A vast amount of the world’s data (and your own) is text and the key to unlocking its value is in a series of standard natural language processing steps that we must make on raw text to ensure that it is understandable to machines. This workshop will teach you how to transform strings to machine usable data and discuss how to apply each step to your application. We’ll be using Python’s NLTK - a professional grade Natural Language Toolkit that is free and open source.

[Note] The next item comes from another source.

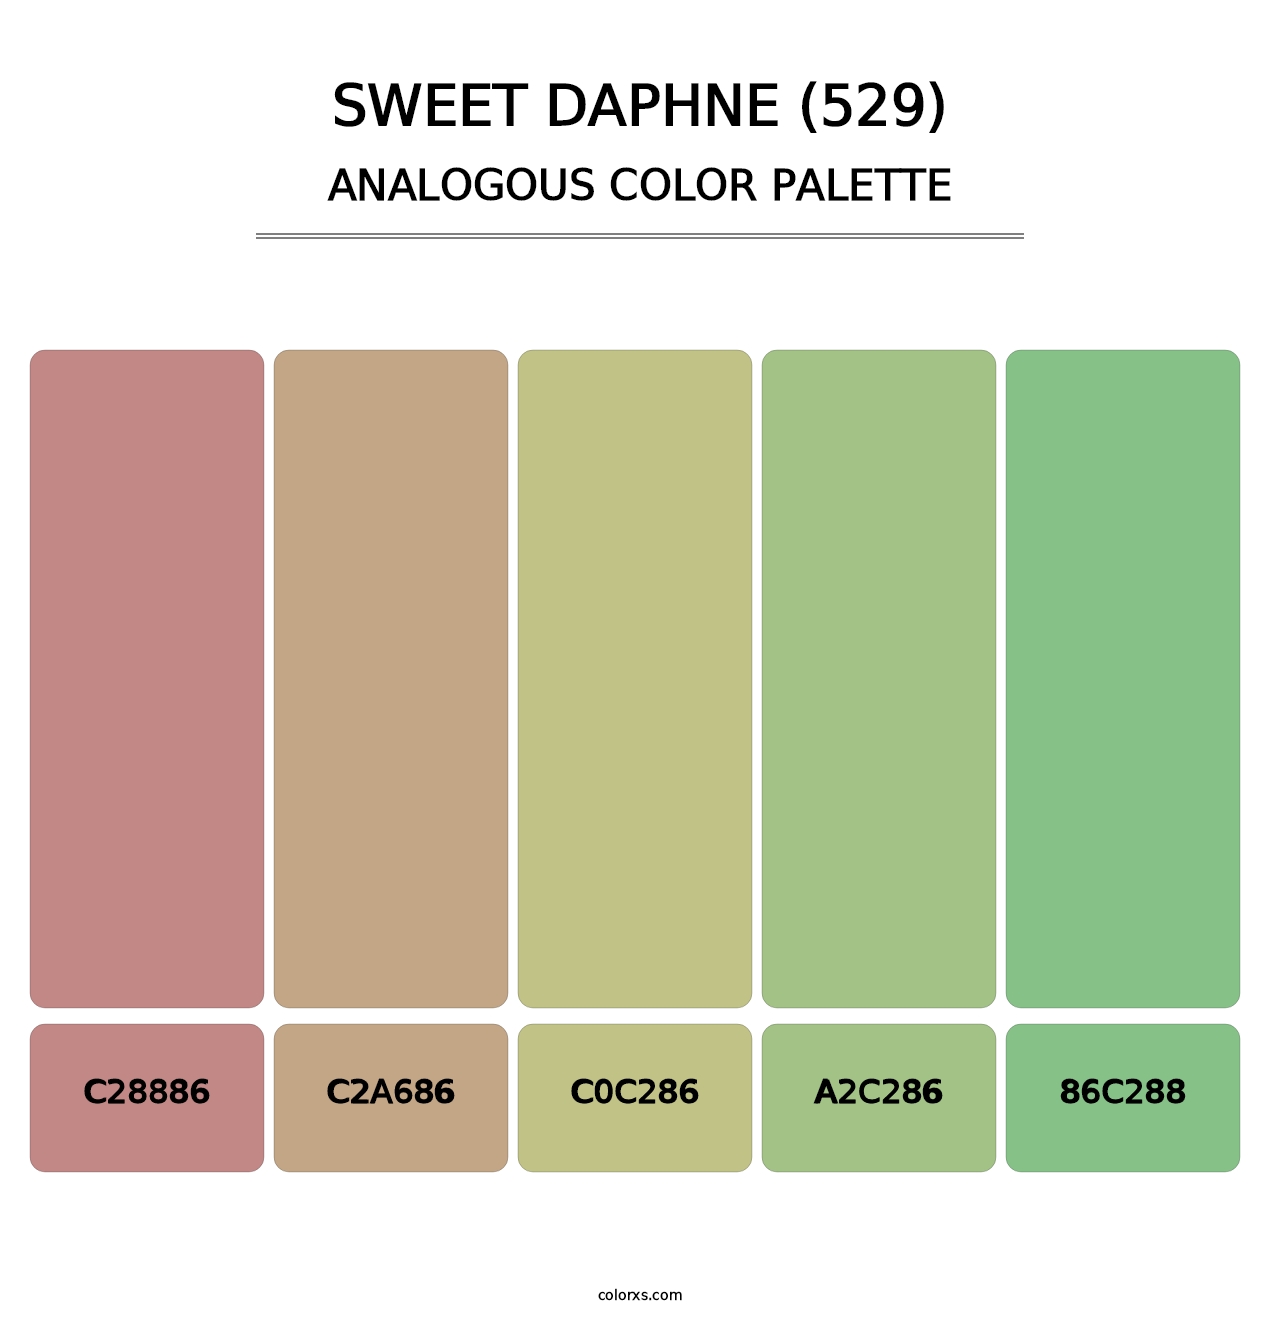 Sweet Daphne (529) - Analogous Color Palette

The price per attendee is $150.
What To Bring:
- Your laptop
- Printed copy of your ticket
Prior to the Event:
Please take our survey so that we can get a feel for the make up of the class. Although, I'd ask only folks who are registered to take the survey-- this will allow us to customize the class to the group.
NLP Workshop Questionnaire
Many of the largest and most difficult to process data sets that we encounter tend not to be from well structured logs or databases, but rather unstructured bodies of text. In recent years, Natural Language Processing techniques have accelerated our ability to stochastically mine data from unstructured text but require large training data sets themselves to produce meaningful results.
The most popular open source tool for NLP is NLTK and it embraces these techniques, while providing a powerful interface in Python for us to quickly add NLP to our applications.
Organizing large bodies of text (corpora)
Task: tokenization and segmentation;Motivation: cross-document language statistics
Task: tagging and stemming; Motivation: information extraction
Task: parsing for treebanks; Motivation: discovering crucial concepts
We will provide a virtual machine (vmware) containing an NLP development environment with all required software preinstalled and preconfigured for this workshop.
If you have text that you would like to process, please bring your data along. If not, we will be using corpora from Project Gutenberg.
Benjamin Bengfort, Data Science Consultant, Full Stack Data Science
Benjamin Bengfort is a Data Science consultant at Full Stack Data Science, and has used Machine Learning and Natural Language Processing techniques to determine textual complexity in large literary corpora. He is a PhD candidate in Computer Science, with a focus on NLP, at the University of Maryland, Baltimore County, and has a MS in Computer Science from North Dakota State University.